Ashamnu (We Have Sinned): A Rabbi Reflects on a Year of Devastation
Delivered at Shawnee Mission Unitarian Universalist Church, Oct. 13, 2024
A few weeks ago I reached out to Rev. Rose to ask if I could borrow her pulpit close to the High Holidays because I had something to say and no place to really say it. She said yes, for which I’m grateful. Because I’m here to talk about Israel – the proverbial third rail.
Jews have always valued, longed for, and prayed toward the holy land, but the Zionist project of establishing a Jewish state in historical Palestine is about 150 years old. I came up in the years after the 1967 war, and we were raised with a lot of what I now recognize as propaganda: the plucky little state of Holocaust survivors and refugees under assault by the great faceless mass of “Arabs” and why can’t they leave us alone.
During those years Israel became, not simply a part of contemporary Jewish identity, but perhaps its most important part. I’m not the first person to note that American Jews may not believe in God, they may not observe rituals, but for the last 50 years, and today, if you express doubt about Israel in the wrong way then you are not welcome in the tent.
There have always been “liberal Zionists” – supporting a Jewish state but also a territorial compromise with the Palestinians – the two-state solution. For a long time I was in that camp. The zenith of liberal Zionism was during the government of Yitzhak Rabin in the early 1990s, when a compromise seemed not only possible, but imminent. But then Rabin was assassinated, Netanyahu took over and that was the end of that.
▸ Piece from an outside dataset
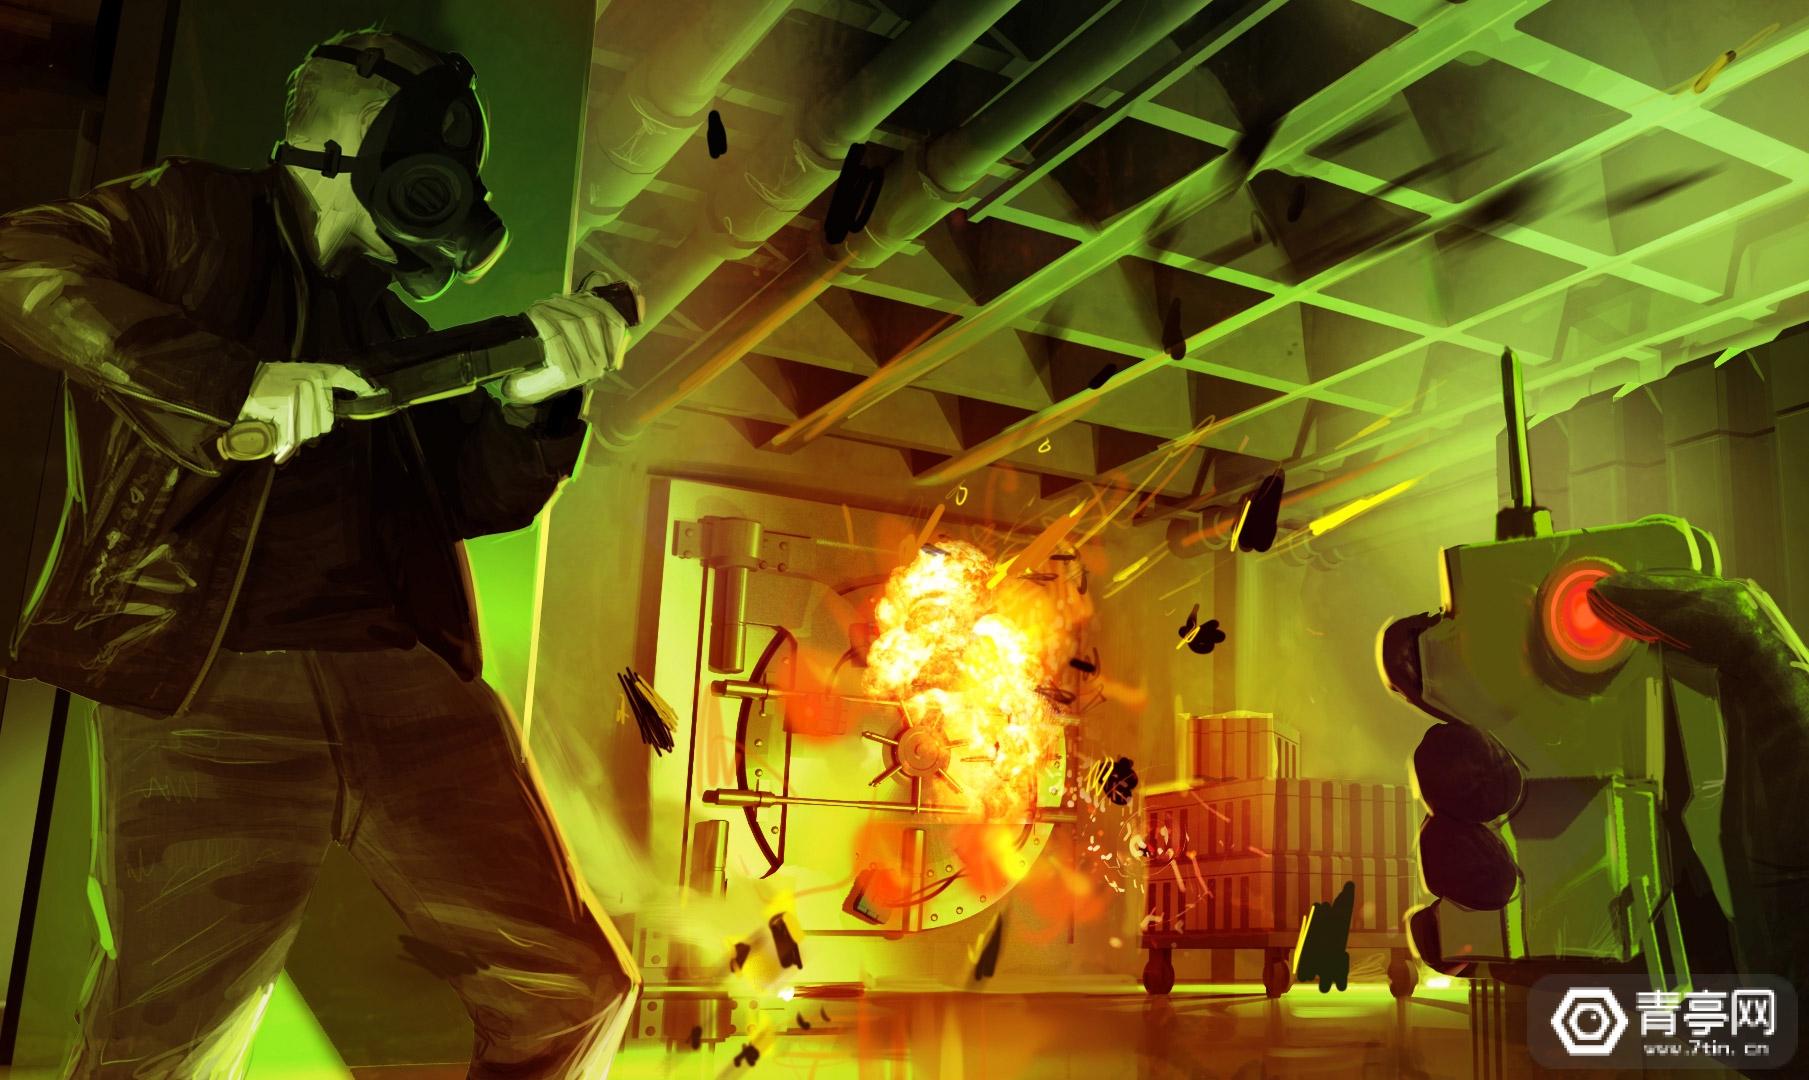 索尼PS VR独占游戏《Blood&Truth》发布免费试玩版

Netanyahu came to power with the explicit intention of scuttling the two-state solution, and that has been his project ever since. Settlement in the occupied territories had been going on all along, but after the second intifada it accelerated, with previous red lines and restrictions in areas thought to be too close to Palestinian areas eliminated. Occupation and settlement has become virtually a religious imperative, with the most rightwing elements in Israeli Jewish society increasingly taking over the mechanisms of government, until today, when people who 20 years ago wouldn’t have been allowed to serve in the Knesset because of their racism are ministers in a government of, by, and for the settlers.
Since the collapse of the peace process, Israel has treated the "conflict" as if it were a war that Israel had won, with Palestinians in the West Bank and Gaza treated as a subject population under military dictatorship. Israeli governments have allowed the settlers to do pretty much anything they want in the West Bank and Gaza. There has been a tight embargo on goods going in and out of Gaza since Hamas took it over in 2007. There were military incursions into Gaza, with many civilian deaths, in 2008, 2012, 2021, and of course 2023. And all that time, the land grabs, organized violence by settlers, and establishment of a full apartheid system in the West Bank, was firmly set in place.
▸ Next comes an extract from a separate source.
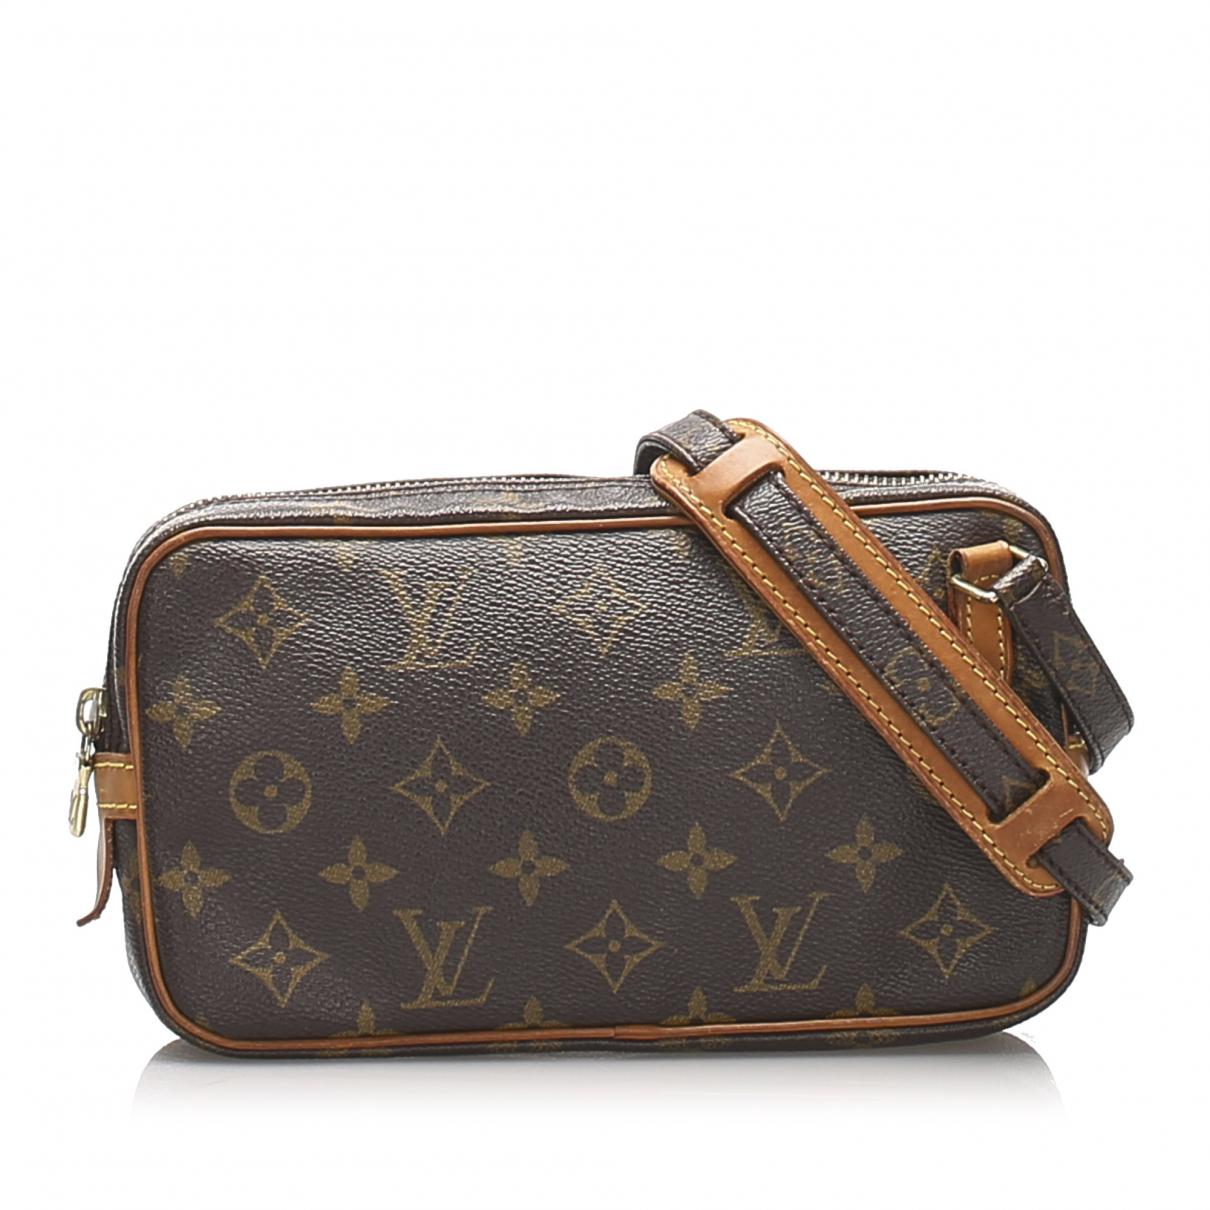 Louis Vuitton - Sac a main Marly pour femme en toile - marron

If one of the parties doesn’t want a compromise and does everything in its power to undermine it, there isn’t much chance of success - as Barack Obama found out. At this point the two-state solution is a shibboleth that liberal American Jews and American politicians use to pretend they actually have a path forward – but they don’t. Liberal Zionism is a failed philosophy, it has no moral weight or political prospects - despite many liberal Jewish organizations that continue to pay it lip service.
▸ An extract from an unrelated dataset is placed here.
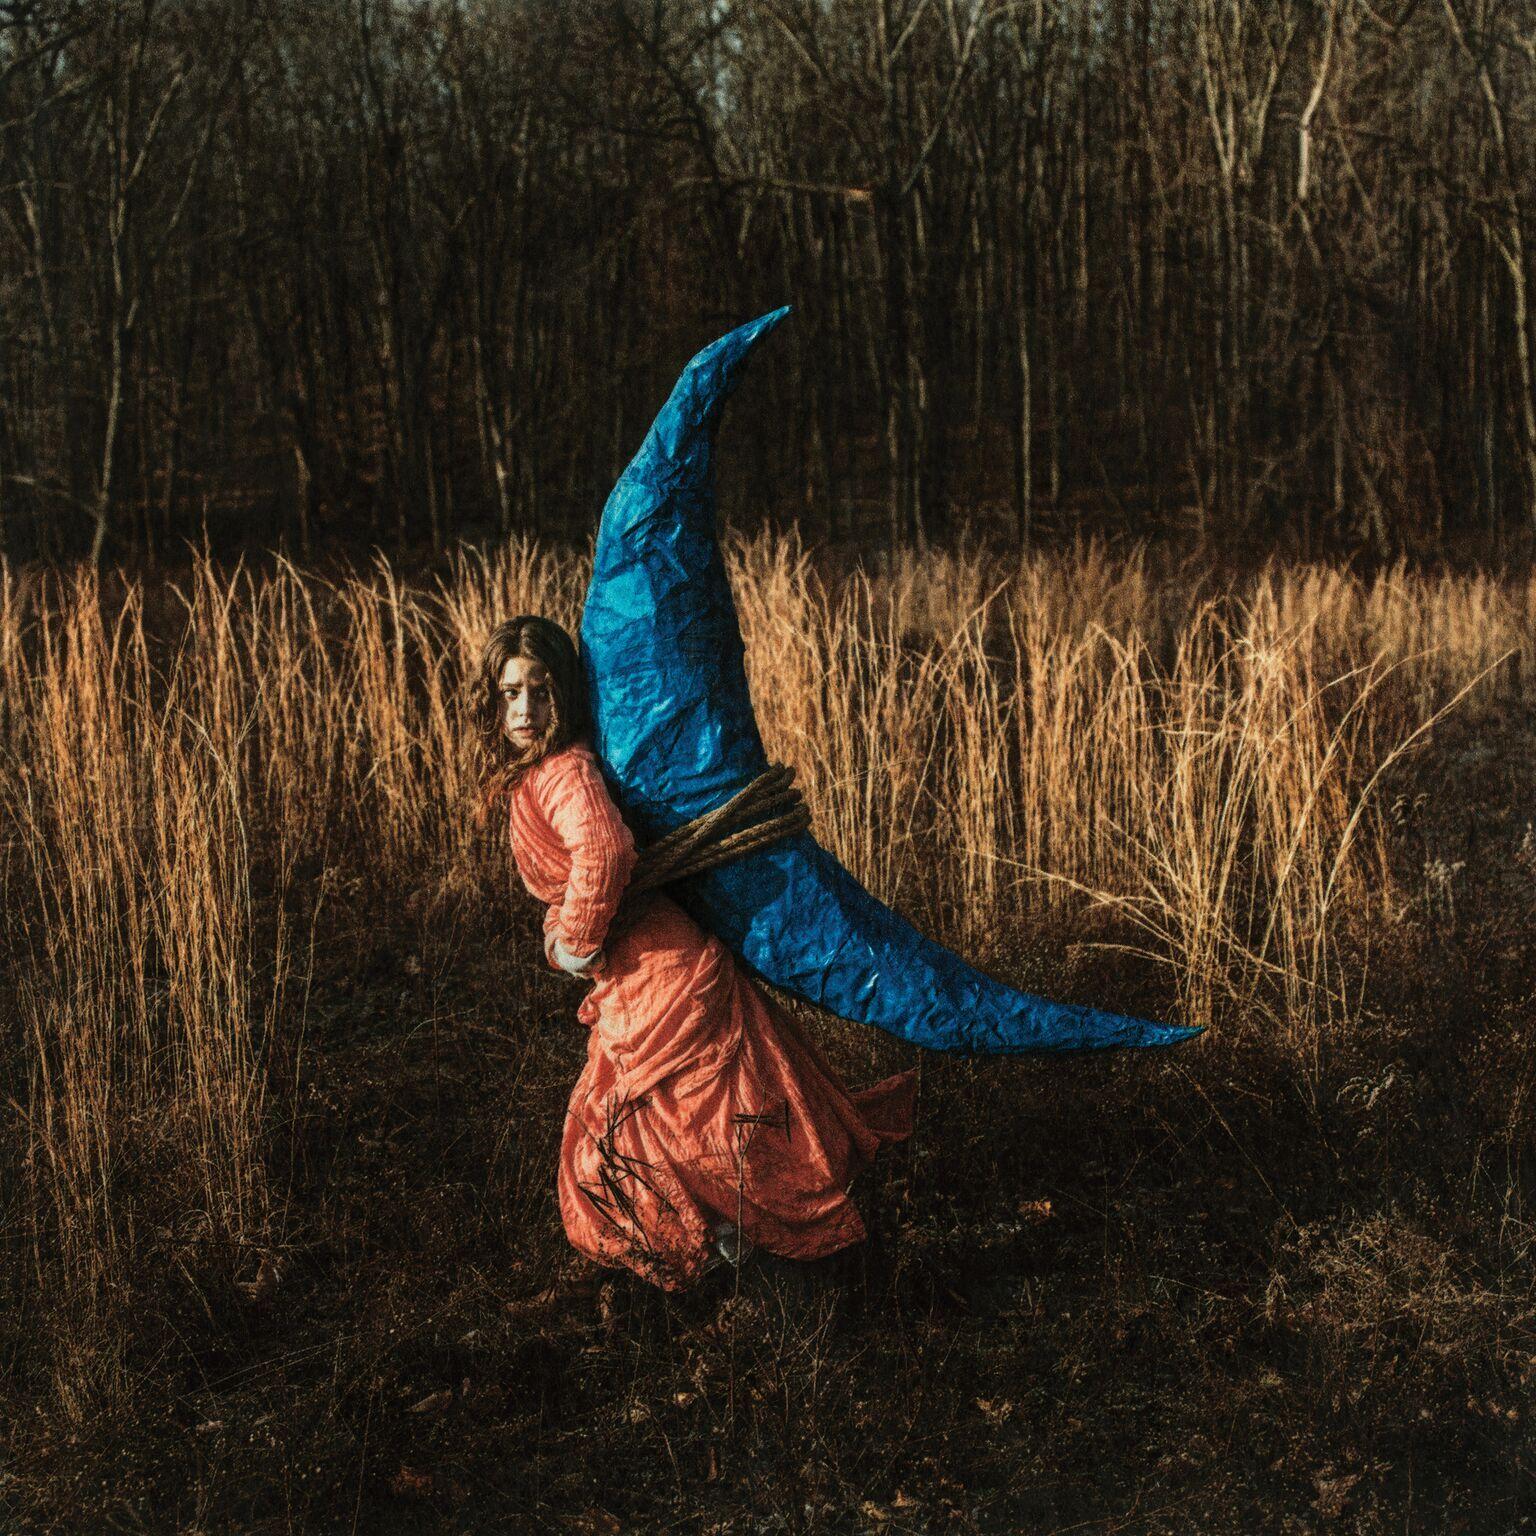 Holly Miranda - Mutual Horse - Digital

And so I left liberal Zionism behind. I consider myself a post Zionist, and since liberal Zionism is the acceptable left edge of Jewish discourse, this has put me at odds with the community, especially one as conservative as this one. I am fortunate that I have been able to make a living with my interfaith advocacy work, so while I don’t make a habit of speaking about Israel, I also don’t have to muffle my voice for the sake of professional viability.
Hamas’ attack in Israel’s south on October 7, horrifying as it was – about which more in a minute – has to be seen in this context: a longstanding situation of displacement and oppression, with neither the prospect for political advancement (or even basic rights) for the Palestinians nor international intervention to moderate Israel's behavior. Zionist claims that this attack was completely out of blue with no possible context are false.
As the Israeli government and electorate moved right, so did the American Jewish community’s leadership, until today all the major Jewish communal organizations have made supporting Israel their major, some might say sole, mission. The Anti-Defamation League is a good example – founded to support human rights and oppose antisemitism, it has become a pro- Israel lobby group, using the credibility it built up over the century to accuse anyone who doubts Israel’s action of antisemitism.
The attacks on October 7th were horrifying - full stop. I know some in the Palestine liberation movement or the garbage left want to see it as legitimate armed resistance, but an operation designed to kill civilians is not liberatory.
Israelis are convinced the world is against them and doesn’t care if they live or die; acting out of grief and trauma, and in a propaganda bubble, the legitimate revulsion at a terrible act of terrorism was used as a rationale to unleash retributive brutality on Gaza. Israeli officials use the language of Amalek - in Deuteronomy 25:17–19, the Israelites are specifically commanded to "blot out the remembrance of Amalek from under heaven" in retribution for "what Amalek did to [them] on the way as [they] were coming out of Egypt." Once you start calling your enemies Amalek there’s no way back.
But even I could not have imagined how terrible and overwhelming and yes, genocidal Israel’s response has been. At least 42,000 and probably many more dead. Nearly 100,000 wounded, with no medical infrastructure to care for them, and 10,000 missing. The deliberate destruction of the entire infrastructure of Gaza - hospitals, schools, water treatment and electricity, apartment buildings, refugee camps. People shot as they flee or attempt to surrender. Blocking of humanitarian aid and use of starvation and disease against a civilian population. The deliberate murder of journalists and emergency responders. In September Gaza's Ministry of Health released a document containing the names and ages of Palestinians killed by Israel since October 7, a list that runs 649 pages—the first 14 of which are filled with the names of babies. When I last checked on Friday, 61 Palestinians had been killed and 231 wounded in the prior 24 hours. And now the war has expanded to Lebanon.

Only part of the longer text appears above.